You said you built the house yourself?????? 

That can't be Minnesota, there is not snow in any of the pictures!!

SJ, That tree spade wil make short work of moving a tree!!!
I hope that is what they really call it!


----------



## viper8u2 (Sep 17, 2003)

Thanks guys,

begin cliff cleven voice here ---->

"that there gents is what they call a tree spade, around these parts theres basically 4 ways of getting trees:
1. Plant seeds
2. Potted
3. balled and burlapped
4. if your like me, dig the suckers out of the ground so you can enjoy them in your lifetime." <------ end cliff cleven voice

What they do is come out and take a scoop of dirt (huge hole), go back to the tree farm and plug a hole, grab a tree and fill the hole they dug.
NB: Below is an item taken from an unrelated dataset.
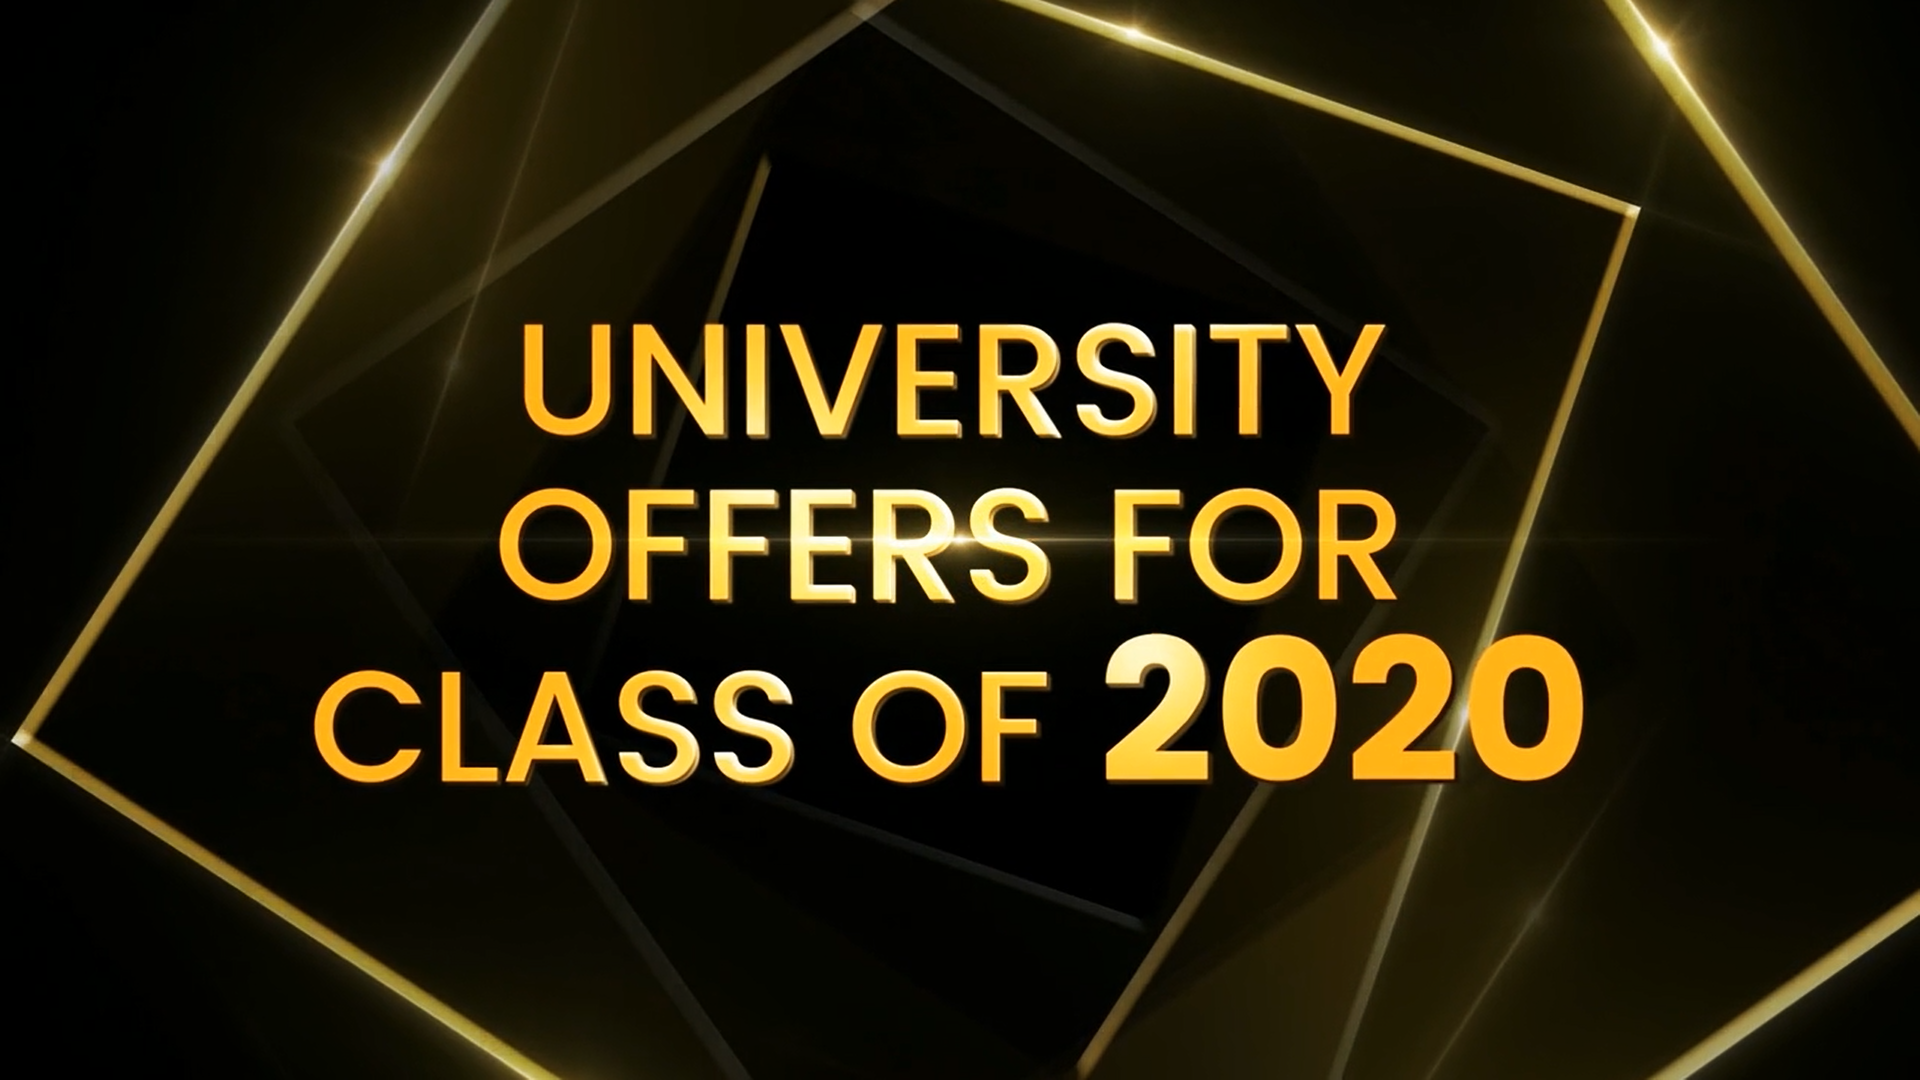 University Offers for Class of 2020

They can get some pretty big trees this way. I wont bore you with the details.

This is minnesota, I will have to post some pics, contrary to popular belief, snow isnt too common in june ;-)

Later,

Mike


----------



## viper8u2 (Sep 17, 2003)

Well posted some updated pics this taken this morning. makes a big difference with grass, excuse my inexperienced tow behind broadcast spreader fertilizer burn marks  

they are under may 2004

http://www.trailtamer.com/letsrace/landscapeweb/index.htm

Later,

Mike


----------



## Chris (Sep 15, 2003)

Mike, 

Amazing job. Such great vision and hardwork to make that place truly something to be proud of. Obviously you take some incredible pride in your home and your property. My hats off to you and the results speak for themselves! Good work!

:friends:


----------



## viper8u2 (Sep 17, 2003)

Thanks, but I cant take all the credit

My finace' does most of the planning. I am just cheap manual labor  

We have had our arguments on how we wanted beds and islands to be shaped, I must admit, I usually win in this area with a poll with the neighbors lol

Mike


----------



## Chris (Sep 15, 2003)

You fiance' is a beautiful woman and you are lucky that she is so earnestly involved in this home. (even before she is entitled to get 1/2 of it) HAHAHAHA --- J/K 

Unless it is her home, then you might want to have a Plan B.

HAHAHAHA

Andy


----------



## viper8u2 (Sep 17, 2003)

hahaha,

Thanks andy,

Yup, sometimes I think too involved, everytime she has an idea i hear a big sucking noise from my wallet. at least it looks nice, she does do the same for the interior. 

Mortgage is in my name, I did put hers on the title because she does pay her half.

Mike


----------